What do these books have in common?

CRC Standard Mathematical Tables and Formulae, Numerical Recipes in C, Seminumerical Algorithms, Applied Cryptography, The Twofish Encryption Algorithm

For starters, they are all published earlier than 1999, mostly before 1996, and in one case, 1969.  They all cost about $50 apiece.  They all have information that was probably at one point or another classified as munitions by the US government.  In my computing history, they have all led to my understanding of encryption, random numbers, and other esoteric subjects required to do some basic computing tasks.

Why do I look at them now?  Well, this is one of those cases where all the information they contain can be found on the internet in one form or another.  So, it's time to de Treasure them.  But, before they go, I thought I'd look at some of the bookmarks that I had made and see what I was interested in almost 10 years ago.

From the CRC, I find a bookmark on the page headed:



Linear Congruential generators.

Turns out, you can generate pseudo random numbers by a simple formula.  Pseudo random because they're not random at all.  You can predict exactly what the next number will be based on the current state of the calculation, and the initial state of the calculation.

Xn = aXn-1 + b (mod M)

That is, a 'random' number Xn can be generated by taking Xn -1, multiplying by 'a', adding 'b' and modulus 'M'.  It works out nicely because it's a simple multiplication, and add, and some other little thing at the end.  Really fast stuff.  Depending on what numbers you pick for a, b, M , and the initial seed, you can generate these numbers rippin fast on modern computing hardware.

What's a Mersenne prime?  I don't know, I'm sure you can look it up on the internet.  It turns out that if you use one of these as the 'M', you get really fast computations.

One concern with LCG RNGs (Linear Congruential Random Number Generators) is the periodicity.  That is, how many times can you generate a number before the sequence begins to repeat itself?  The trick is in the numbers you choose.

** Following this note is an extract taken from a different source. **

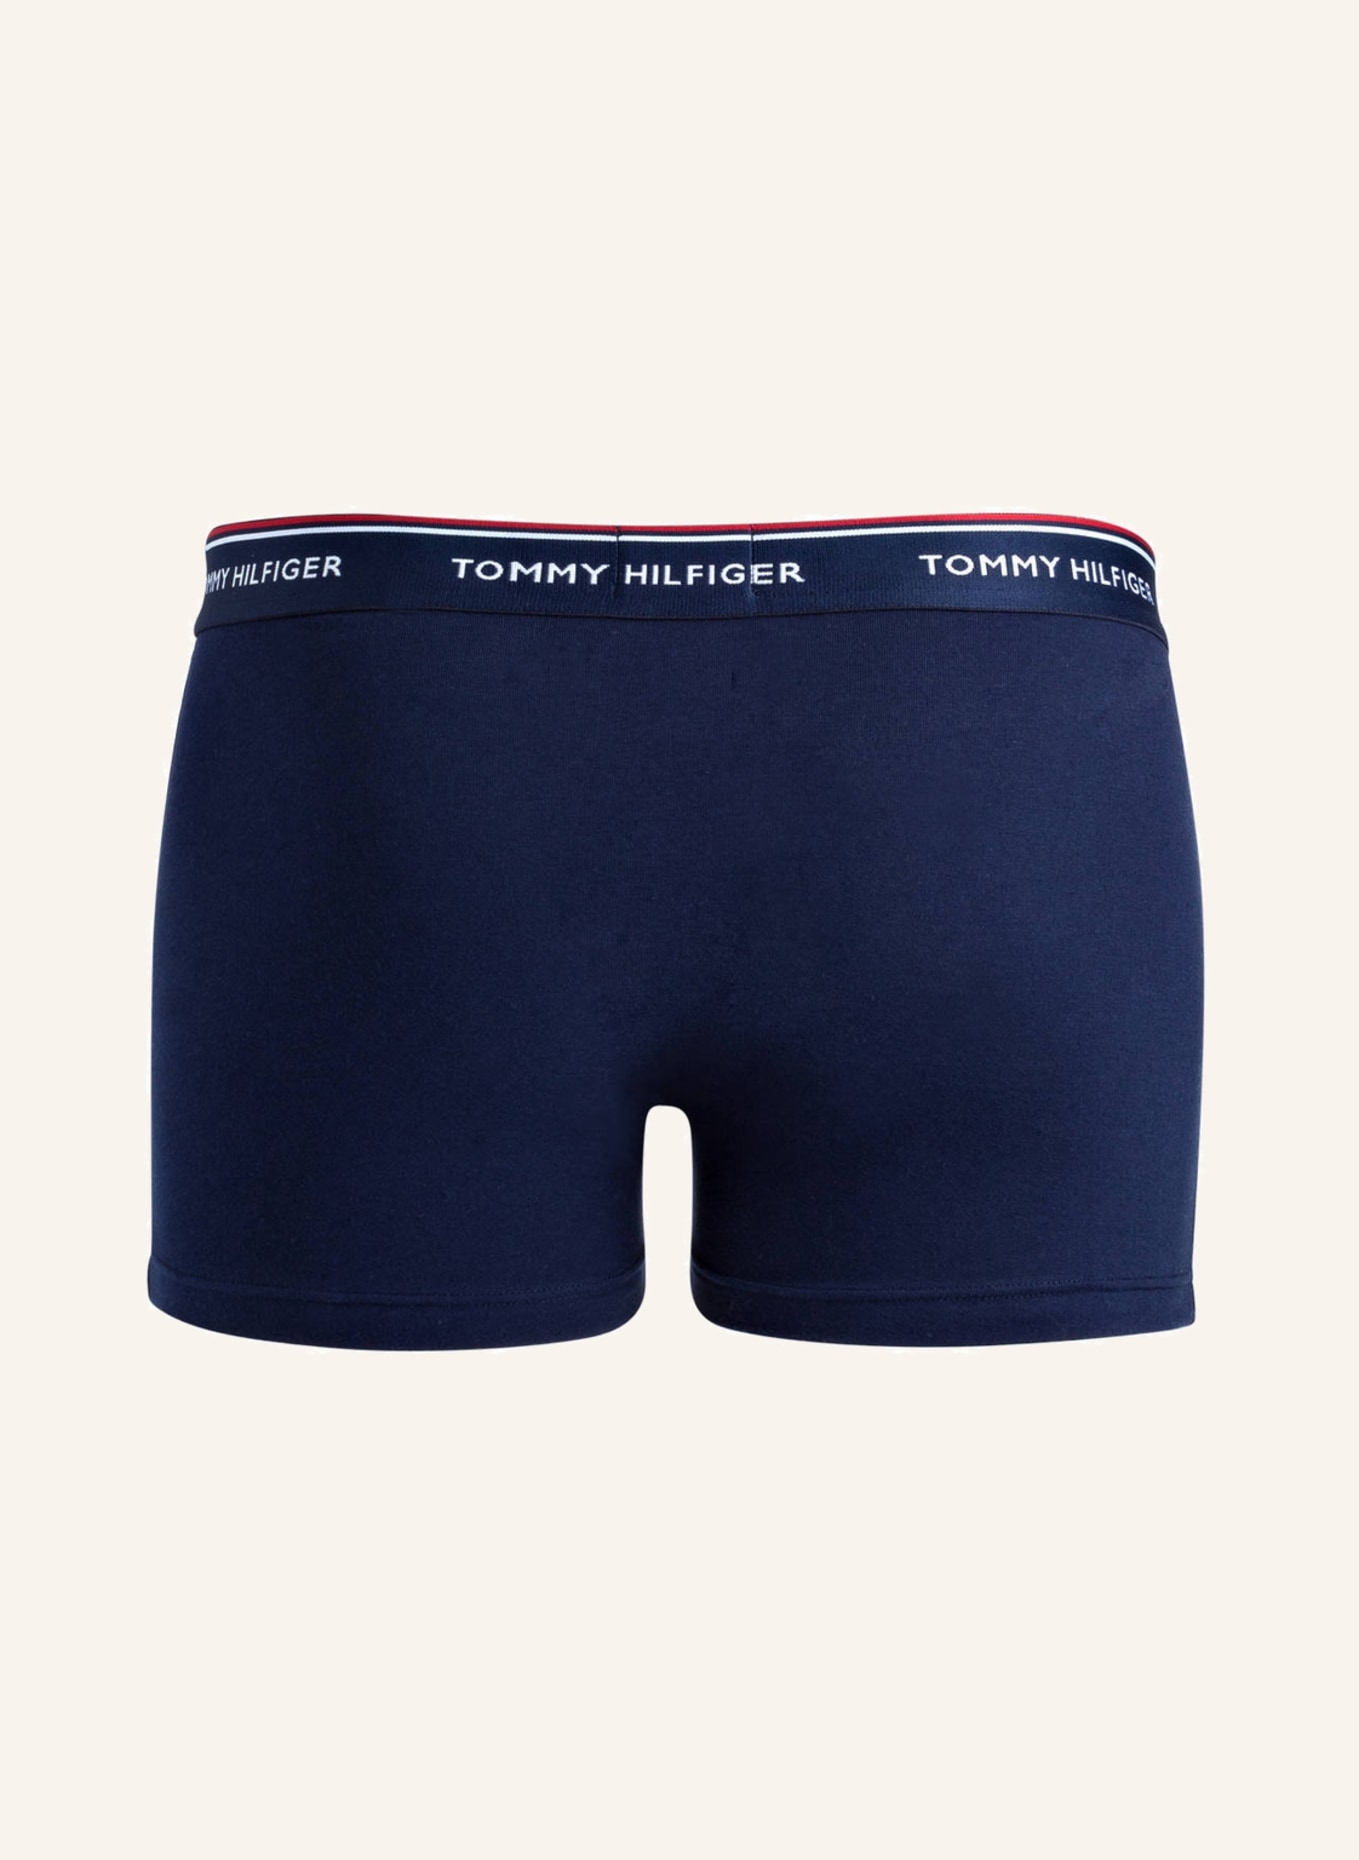 TOMMY HILFIGER 3er-Pack Boxershorts, Farbe: NAVY (Bild 2)

There are plenty of tables for what a, b, and M should be

a               b           M            Source

7(5)          0        2(31)-1    Park-Miller

131           0        2(35)       Neave

16333   25887    2(15)       Oakenfull

3432       6789     9973       Oakenfull

171            0       30269      Wichman-Hill


For those who are in the know, I'm sure these names mean much, and a hush goes over the audience when they speak.  For most of us though, the intricacies of LCG constants are lost in the bowels of the rand() function.  Most people neither know, nor care about the details.  And that my friends is the beginning of all our troubles with writing secure software.

What about shift register generators, Lagged-Fibonacci generators, and chained LCGs?  What kind of random numbers are you consuming in your applications?  Do you care about the distribution of the lower bits?  Do you care that your numbers may overflow before the modulus?  Do you care that you are losing some precision when you're flipping between int and float?

These are little tidbits from the CRC.  A book chock full of tables, formulas, and the like.  I used the CRC when I was in high school to look up log tables.  And I'm sure it's been in existance in various forms for a couple hundred years before that.

 Donald Knuth goes over the top in “Seminumerical Algorithms”.  Knuth spends an unprecedented 177 pages on the subject of random numbers, random sequences, and anything esoteric with the word 'random' in it.  Can you believe it?  177 pages?  Surely the spec, docs, code, and tests for the typical rand() function do not take up that much space.  I'd guess they typically take up no more than two pages worth of text layed end to end.

What's the point?  I don't know, I guess I'm just being a little random.  How random you can't possibly know unless you understand where I started, and under what conditions I change the subject.

As I de treasure these books, I can't help but think that most programmers using modern programming languages today, aren't likely to amass such a library, nor understand the esoteric little pieces embodied in the deep literature.  Maybe we've gone beyond the point of having to care about such things.  To a certain extent, this is true.  The general computing public does not need to care about the multipliers that are used in the LCG found deep within our rand() implementation.  But, I hope the systems programmer who wrote that code sure understood what they were doing, and I hope they didn't de treasure their library of knowledge too soon.